Work task
In the listing that follows, print every line exactly and leave the images out.

Input data
►
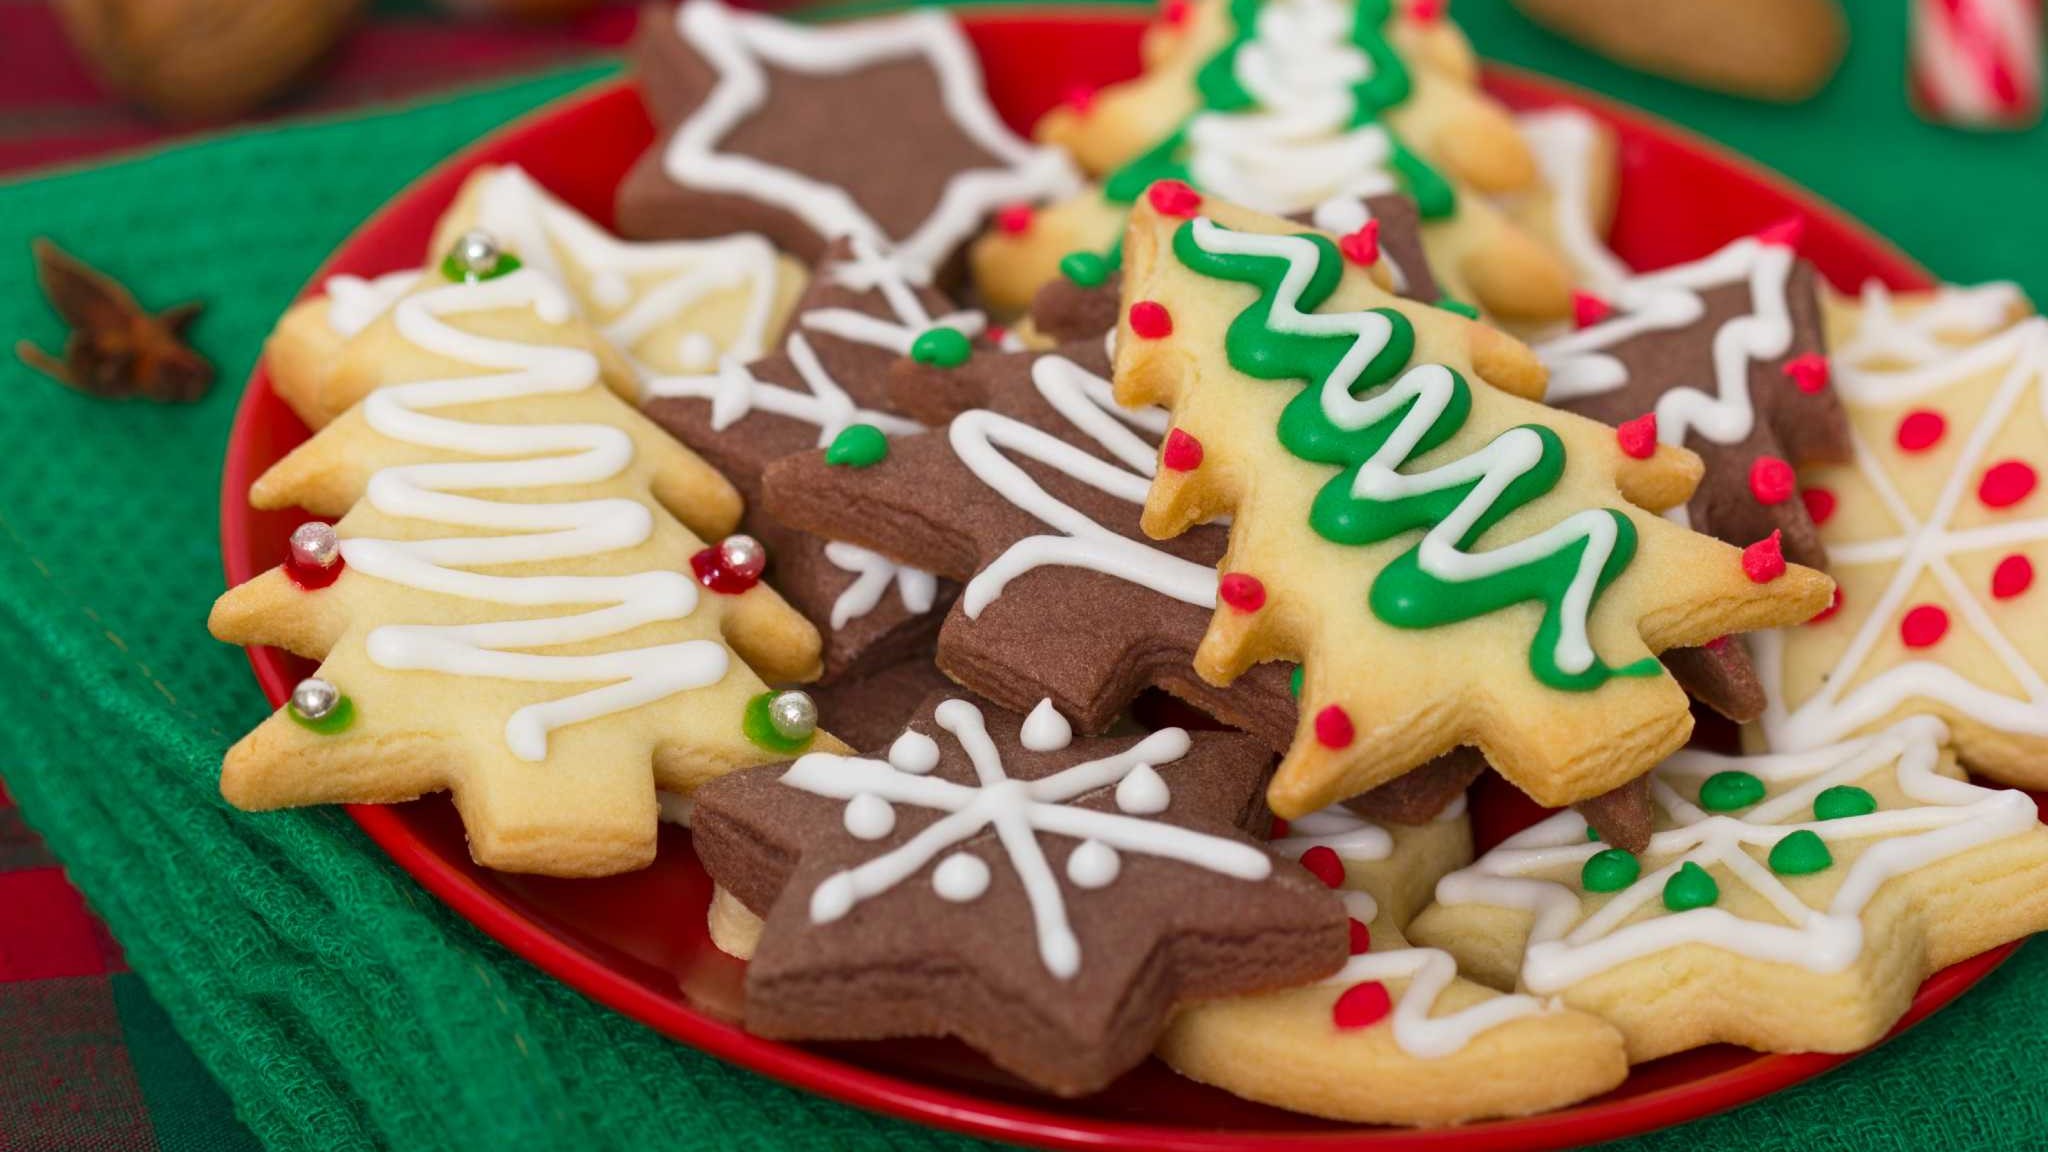 Полицейские отправили печенье на ДНК-экспертизу по запросу американки, чтобы доказать существование Санта-Клауса
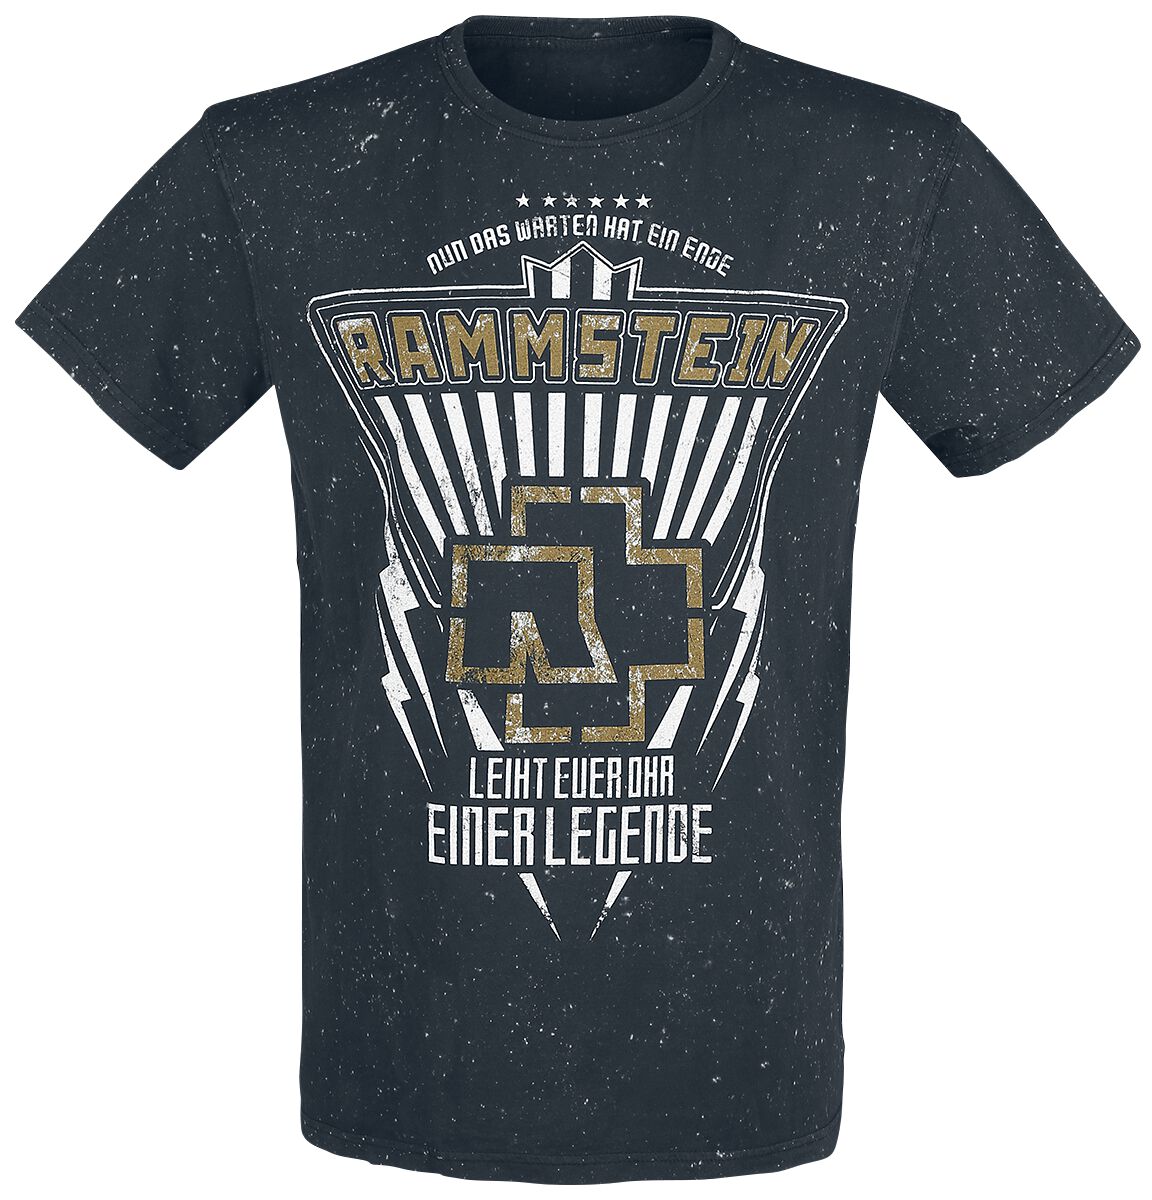 Rammstein T-Shirt - Legende - S bis 4XL - für Männer - Größe 3XL - schwarz  - Lizenziertes Merchandise!
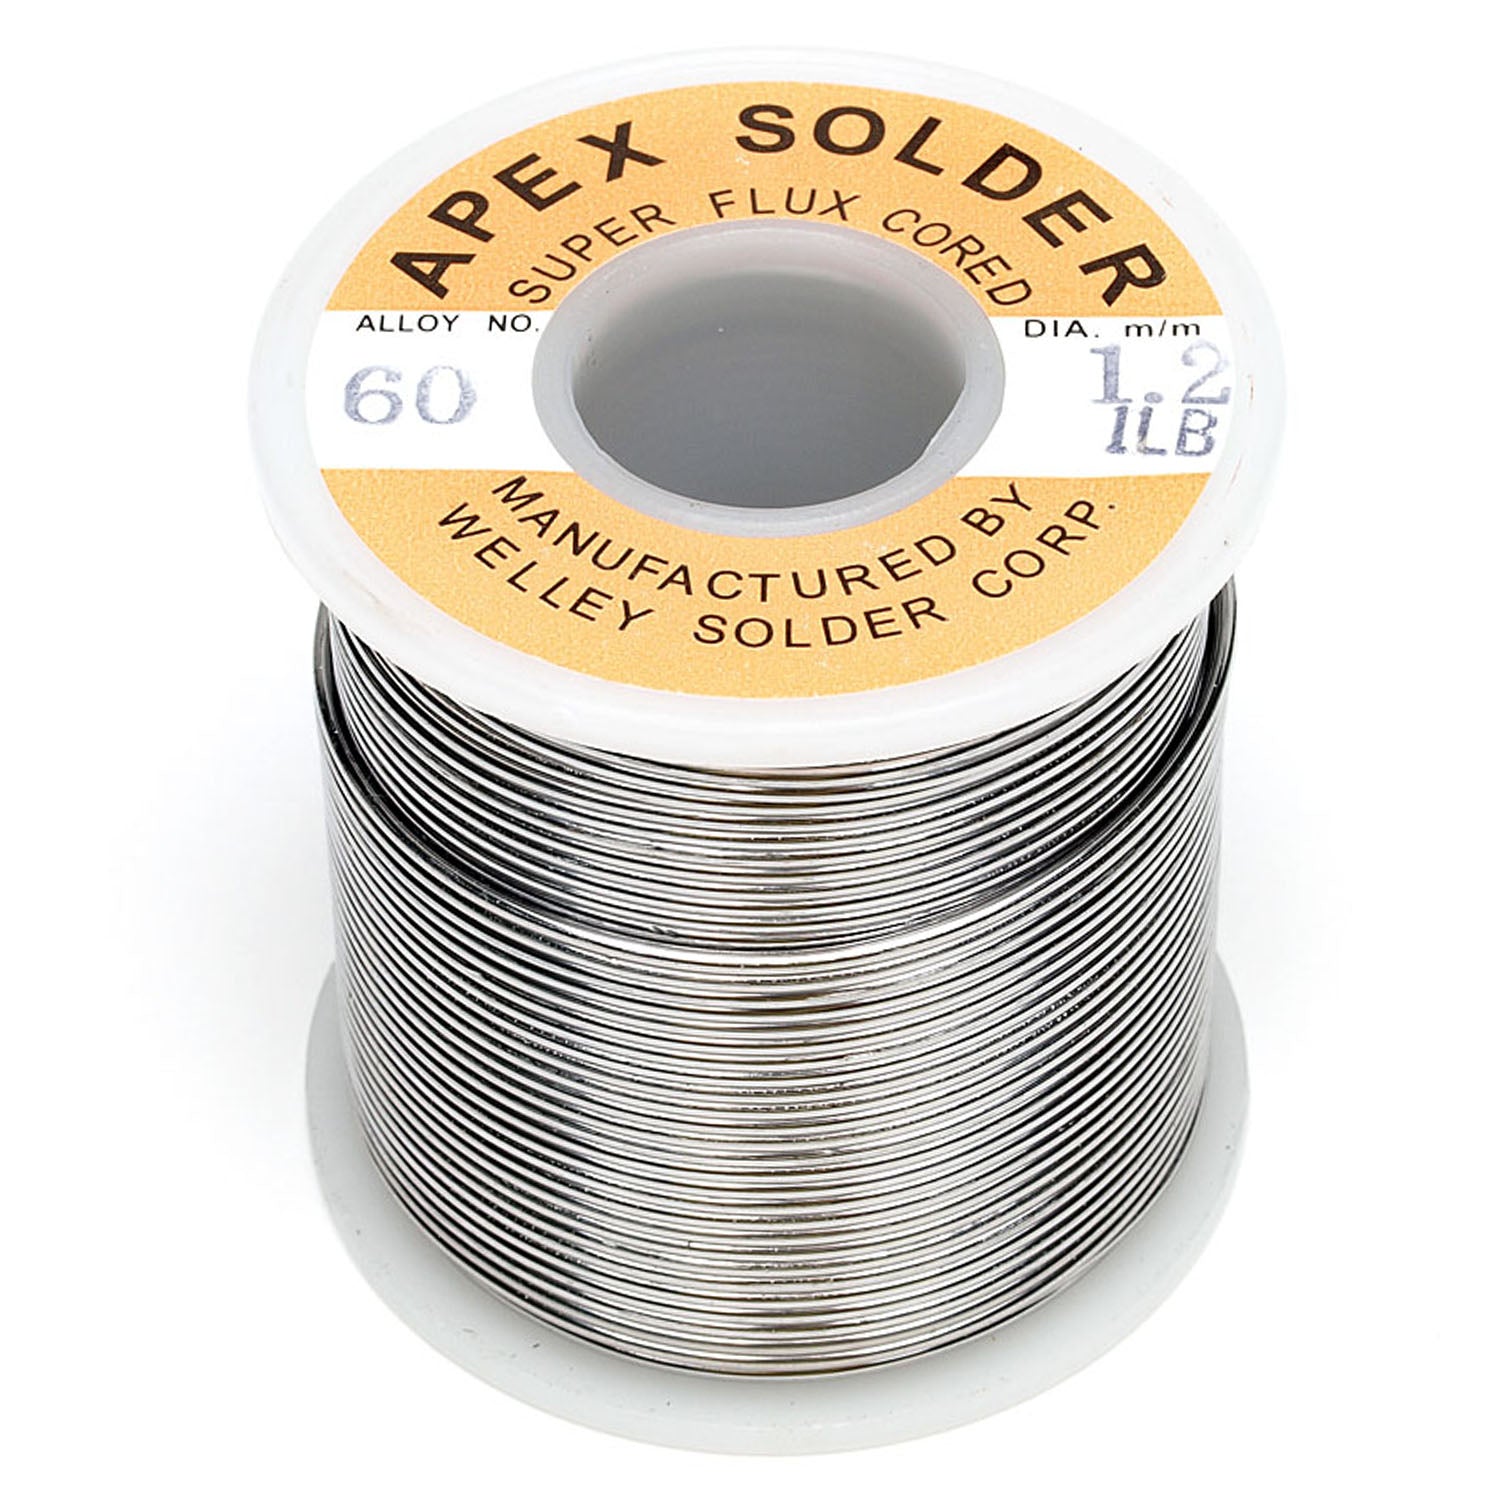 125-641210A 1.2m 1.0Ib 60/40 APEX Solder wire
◄
Answer to this task
 Полицейские отправили печенье на ДНК-экспертизу по запросу американки, чтобы доказать существование Санта-Клауса
 Rammstein T-Shirt - Legende - S bis 4XL - für Männer - Größe 3XL - schwarz  - Lizenziertes Merchandise!
 125-641210A 1.2m 1.0Ib 60/40 APEX Solder wire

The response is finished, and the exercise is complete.